[What to do]
Print the whole listing again, exactly as it stands.

---------- Data

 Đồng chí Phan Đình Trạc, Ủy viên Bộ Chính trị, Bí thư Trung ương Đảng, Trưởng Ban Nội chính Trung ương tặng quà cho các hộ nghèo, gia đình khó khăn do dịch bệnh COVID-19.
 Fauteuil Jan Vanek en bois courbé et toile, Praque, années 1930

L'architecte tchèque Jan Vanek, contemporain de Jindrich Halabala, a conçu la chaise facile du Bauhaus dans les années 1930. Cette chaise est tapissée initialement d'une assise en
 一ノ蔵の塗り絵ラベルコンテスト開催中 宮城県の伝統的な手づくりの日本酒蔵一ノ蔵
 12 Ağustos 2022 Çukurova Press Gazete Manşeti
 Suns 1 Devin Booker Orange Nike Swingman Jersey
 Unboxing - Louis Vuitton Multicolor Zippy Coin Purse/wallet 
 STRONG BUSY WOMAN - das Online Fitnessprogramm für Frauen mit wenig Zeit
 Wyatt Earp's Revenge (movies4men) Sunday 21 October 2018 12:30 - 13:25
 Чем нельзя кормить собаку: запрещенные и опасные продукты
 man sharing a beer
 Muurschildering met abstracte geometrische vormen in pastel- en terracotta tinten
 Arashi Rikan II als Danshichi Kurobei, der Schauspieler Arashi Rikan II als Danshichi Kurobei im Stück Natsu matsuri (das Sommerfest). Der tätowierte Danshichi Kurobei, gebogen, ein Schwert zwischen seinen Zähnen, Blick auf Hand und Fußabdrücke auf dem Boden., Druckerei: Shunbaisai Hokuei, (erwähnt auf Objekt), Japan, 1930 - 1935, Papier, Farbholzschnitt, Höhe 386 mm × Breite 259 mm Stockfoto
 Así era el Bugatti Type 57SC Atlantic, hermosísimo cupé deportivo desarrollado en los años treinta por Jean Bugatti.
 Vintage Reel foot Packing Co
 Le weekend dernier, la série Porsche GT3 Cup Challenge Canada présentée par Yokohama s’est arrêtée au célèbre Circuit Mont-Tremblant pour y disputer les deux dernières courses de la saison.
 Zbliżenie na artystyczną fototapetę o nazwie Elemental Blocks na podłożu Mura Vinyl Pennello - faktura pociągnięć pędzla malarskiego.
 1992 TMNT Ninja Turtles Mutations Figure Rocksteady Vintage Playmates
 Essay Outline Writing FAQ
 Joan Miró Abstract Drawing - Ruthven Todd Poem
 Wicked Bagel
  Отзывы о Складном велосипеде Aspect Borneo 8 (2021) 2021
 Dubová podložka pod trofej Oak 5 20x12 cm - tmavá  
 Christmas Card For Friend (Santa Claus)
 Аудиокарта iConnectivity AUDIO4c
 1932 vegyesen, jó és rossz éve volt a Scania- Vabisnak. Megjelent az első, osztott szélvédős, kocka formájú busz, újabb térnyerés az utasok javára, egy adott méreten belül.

--------------------

[Answer for this exercise]
 Đồng chí Phan Đình Trạc, Ủy viên Bộ Chính trị, Bí thư Trung ương Đảng, Trưởng Ban Nội chính Trung ương tặng quà cho các hộ nghèo, gia đình khó khăn do dịch bệnh COVID-19.
 Fauteuil Jan Vanek en bois courbé et toile, Praque, années 1930

L'architecte tchèque Jan Vanek, contemporain de Jindrich Halabala, a conçu la chaise facile du Bauhaus dans les années 1930. Cette chaise est tapissée initialement d'une assise en
 一ノ蔵の塗り絵ラベルコンテスト開催中 宮城県の伝統的な手づくりの日本酒蔵一ノ蔵
 12 Ağustos 2022 Çukurova Press Gazete Manşeti
 Suns 1 Devin Booker Orange Nike Swingman Jersey
 Unboxing - Louis Vuitton Multicolor Zippy Coin Purse/wallet 
 STRONG BUSY WOMAN - das Online Fitnessprogramm für Frauen mit wenig Zeit
 Wyatt Earp's Revenge (movies4men) Sunday 21 October 2018 12:30 - 13:25
 Чем нельзя кормить собаку: запрещенные и опасные продукты
 man sharing a beer
 Muurschildering met abstracte geometrische vormen in pastel- en terracotta tinten
 Arashi Rikan II als Danshichi Kurobei, der Schauspieler Arashi Rikan II als Danshichi Kurobei im Stück Natsu matsuri (das Sommerfest). Der tätowierte Danshichi Kurobei, gebogen, ein Schwert zwischen seinen Zähnen, Blick auf Hand und Fußabdrücke auf dem Boden., Druckerei: Shunbaisai Hokuei, (erwähnt auf Objekt), Japan, 1930 - 1935, Papier, Farbholzschnitt, Höhe 386 mm × Breite 259 mm Stockfoto
 Así era el Bugatti Type 57SC Atlantic, hermosísimo cupé deportivo desarrollado en los años treinta por Jean Bugatti.
 Vintage Reel foot Packing Co
 Le weekend dernier, la série Porsche GT3 Cup Challenge Canada présentée par Yokohama s’est arrêtée au célèbre Circuit Mont-Tremblant pour y disputer les deux dernières courses de la saison.
 Zbliżenie na artystyczną fototapetę o nazwie Elemental Blocks na podłożu Mura Vinyl Pennello - faktura pociągnięć pędzla malarskiego.
 1992 TMNT Ninja Turtles Mutations Figure Rocksteady Vintage Playmates
 Essay Outline Writing FAQ
 Joan Miró Abstract Drawing - Ruthven Todd Poem
 Wicked Bagel
  Отзывы о Складном велосипеде Aspect Borneo 8 (2021) 2021
 Dubová podložka pod trofej Oak 5 20x12 cm - tmavá  
 Christmas Card For Friend (Santa Claus)
 Аудиокарта iConnectivity AUDIO4c
 1932 vegyesen, jó és rossz éve volt a Scania- Vabisnak. Megjelent az első, osztott szélvédős, kocka formájú busz, újabb térnyerés az utasok javára, egy adott méreten belül.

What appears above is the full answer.